I was looking at my 3-year-old daughter the other day, a thought suddenly hit me. I mumbled to myself in amazement “We made it through the baby years!”. A little back story, I had my last baby when I was 36, much older than when I had my first. The doctors joking referred to this pregnancy as a “geriatric pregnancy”, which did make me smile a bit. It was a bit harder, but God blessed us with a healthy baby girl! A baby girl who refused to sleep more than 3 hours at a time! I remember being so exhausted! There were days when I didn’t know how I would ever make it through those 8 hours at work. (I am sure my husband felt the same way) Not only were we drained from lack of sleep, we were pulled in many directions between the other kid’s extracurricular activities and school, stretched so very thin that I don’t believe we could’ve stretched any further. In the moment, that time in life, I was convinced that I would never sleep again, that life would always be this exhausting. But now, 3 years later, I look at our little girl as she plays quietly by her doll house and think, “We made it through! And we survived!!”.
You see, in the moment, I really didn’t know how I was going to make through. In the midst of these challenging periods of life, it is so easy to get caught up in the “now”. Our perception of the future is skewed based upon the frustration, or exhaustion, or maybe even hopelessness we are feeling in that moment. When we are in the smooth moments of life, the happy moments, it is easy to look at the future and see the hope that God has planned for us. But, when we hit a dark moment, it can be so challenging to find even a bit of light. It is easy to lose sight of that bigger plan, to forget that God is in control. We get caught in the moment of darkness and we struggle, we take it from God, and we try to fight the battle alone. We are so focused on the darkness of that moment, that we forget the hope and promises that lie before us. In Roman’s 15 Paul talks about how critical it is that we help one another, and we let God help us. Romans 15 verse 13 says:
“I pray that God, the source of hope, will fill you completely with joy and peace because you trust in him. Then you will overflow with confident hope through the power of the Holy Spirit”

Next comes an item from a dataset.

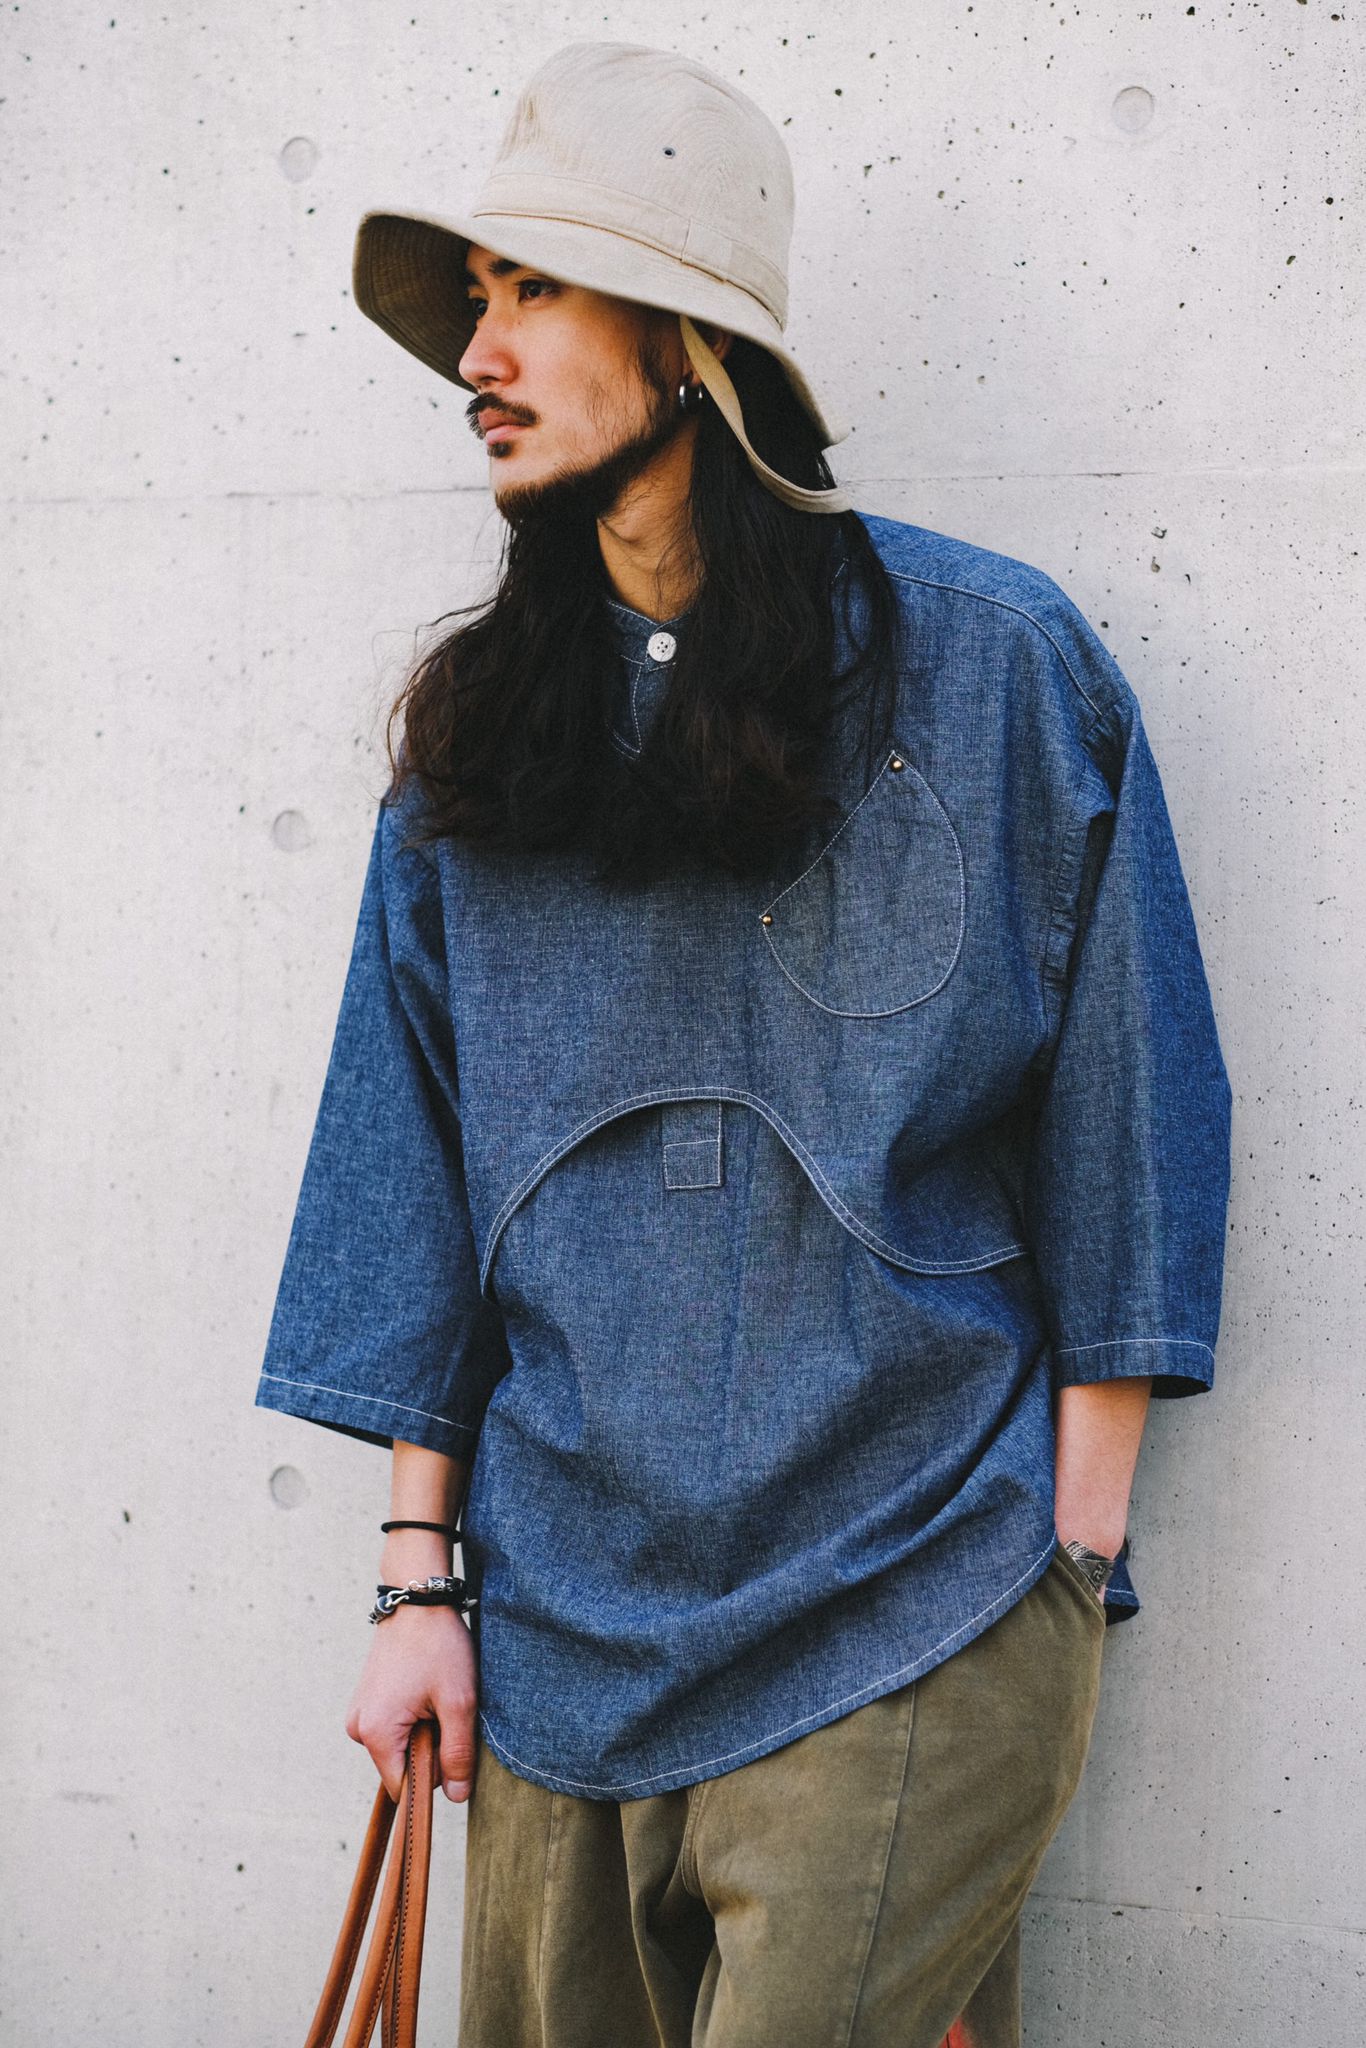 FLTC Two Way Layers Pullover Henry Shirt

Confident Hope! What a spectacular thought! Especially when we are facing the hard moments. But that “confident hope” comes because of our trust in Him, this in itself is the struggle. We must lay it down, we must trust. When we do this, when we give it to Him, we can be assured of that confident hope for our future. We can be assured that this moment will not last forever, that whatever is troubling us will be replaced with “joy and peace”, eventually. The key word for me in that scripture is “peace”. I think in the moment, when we are beat down, when we are so far from peace, it is important understand that the chaos that churns uncontrollably within us can be replaced with peace if we just allow our trust in God to take control of the situation, the moment. Easier said than done! It is one of those things that takes practice, lots of practice. But once we begin to see the peace and joy, the confident hope that comes when we let God have control, it becomes a bit easier. Easier and easier every time.
I have had many moments, moments when I didn’t know how I would make it through. In my younger years, many of these moments happened when my faith was wavering, my level of trust was not nearly as strong as it is today, that made the hard moments even harder. Time has taught me that the challenging moments pass, sometimes quickly and other times these moments drag on and on. Even when we are able to put it in God’s hands, we still may feel like the moment is never going to pass. That year of a restless baby felt like 10, but when I look back now I know that there was a greater purpose, if only to teach me a bit of patience. Or maybe to help me embrace the cuddles in the wee hours of the morning, the cuddles I would never get again. A purpose. Really, this moment on earth is just that, it is a moment in the ultimate, eternal plan God has set before us, He has promised to us. An eternity of joy and peace, an eternity of marvelous moments!
Bible Gateway passage: Romans 15:13 - New International Version. (n.d.). Retrieved July 28, 2017, from 15:13
I'm learning (finally) to live in the moment I have right now, but looking forward more and more to the "eternity of marvelous moments" He has for us.
This is a wonderful blog, Nancy! I love Romans 15:13 for it is a beautiful reminder that God is indeed the source of hope itself and therefore, even in the midst of the struggle, we can be overflowing with the joy of the Lord.